DEFINITIONS AND CONSTRUCTION

2.1 Definitions

Whenever used in the Plan, the following terms shall have the meanings set forth below.

(a) “Annual Compensation” of a Participant means and includes all cash compensation paid or accrued by the Employer with respect to the Participant’s service during the 12-consecutive month period ending on the last business day of the month preceding the date the Participant’s employment terminates.

(b) “Bank” means Savings Institute Bank and Trust Company or any successor as provided for in Article VII hereof.

(c) “Change in Control” means any one of the following events occur:

(i) Merger : The Company merges into or consolidates with another corporation, or merges another corporation into the Company, and as a result less than a majority of the combined voting power of the resulting corporation immediately after the merger or consolidation is held by persons who were stockholders of the Company immediately before the merger or consolidation.

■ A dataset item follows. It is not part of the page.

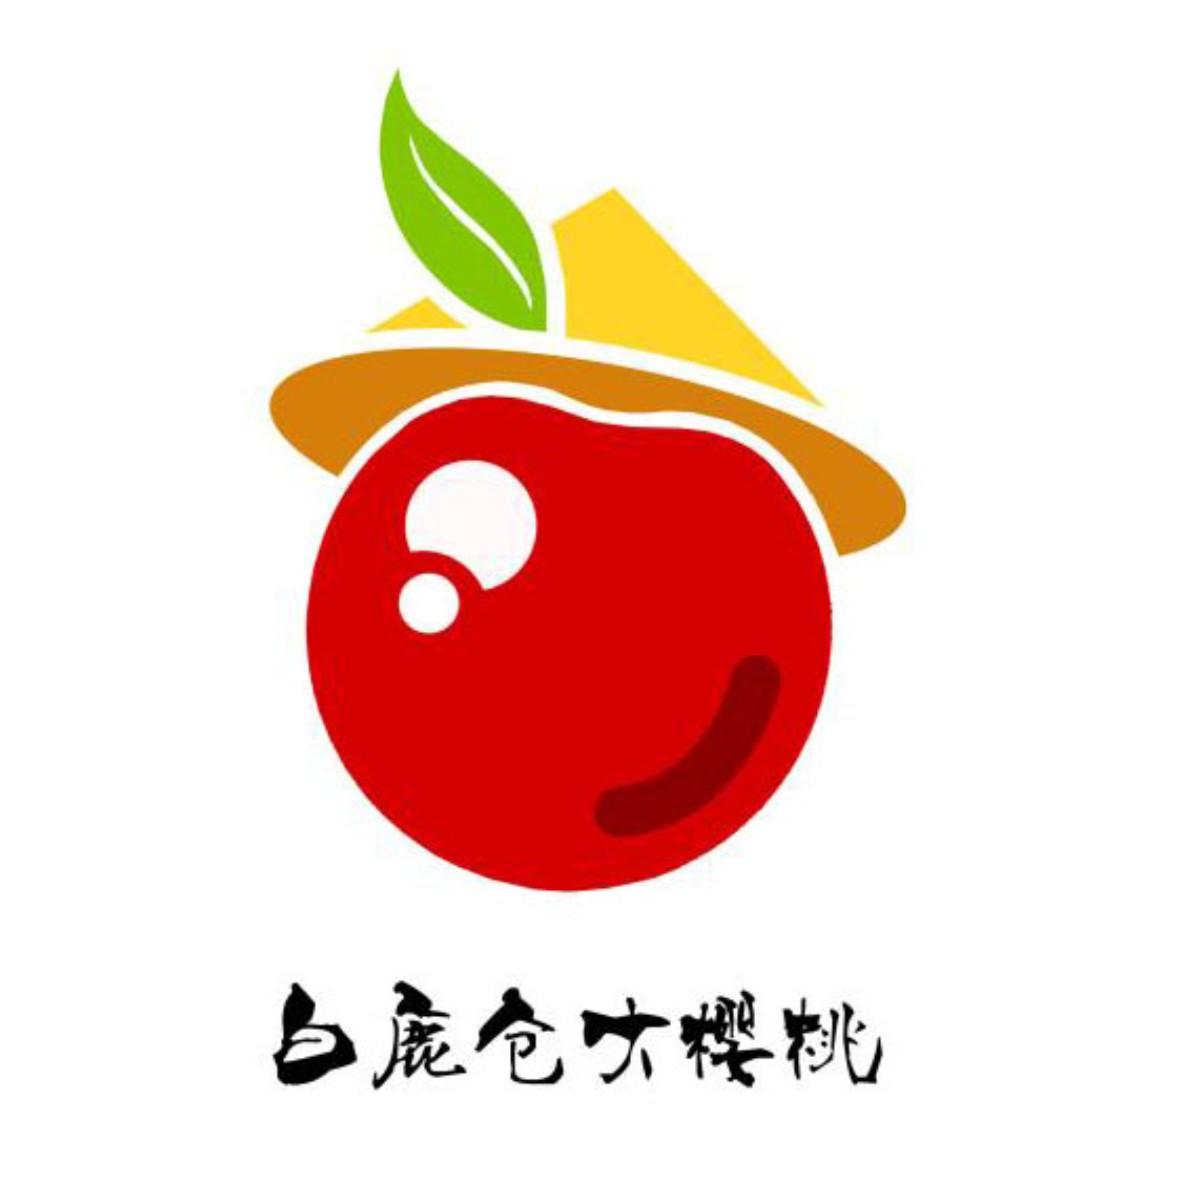 樱桃节标志 画法图片

(ii) Acquisition of Significant Share Ownership : The Company files, or is required to file, a report on Schedule 13D or another form or schedule (other than Schedule 13G) required under Sections 13(d) or 14(d) of the Securities Exchange Act of 1934, if the schedule discloses that the filing person or persons acting in concert has or have become the beneficial owner of 25% or more of a class of the Company’s voting securities, but this clause (b) shall not apply to beneficial ownership of Company voting shares held in a fiduciary capacity by an entity of which the Company directly or indirectly beneficially owns 50% or more of its outstanding voting securities.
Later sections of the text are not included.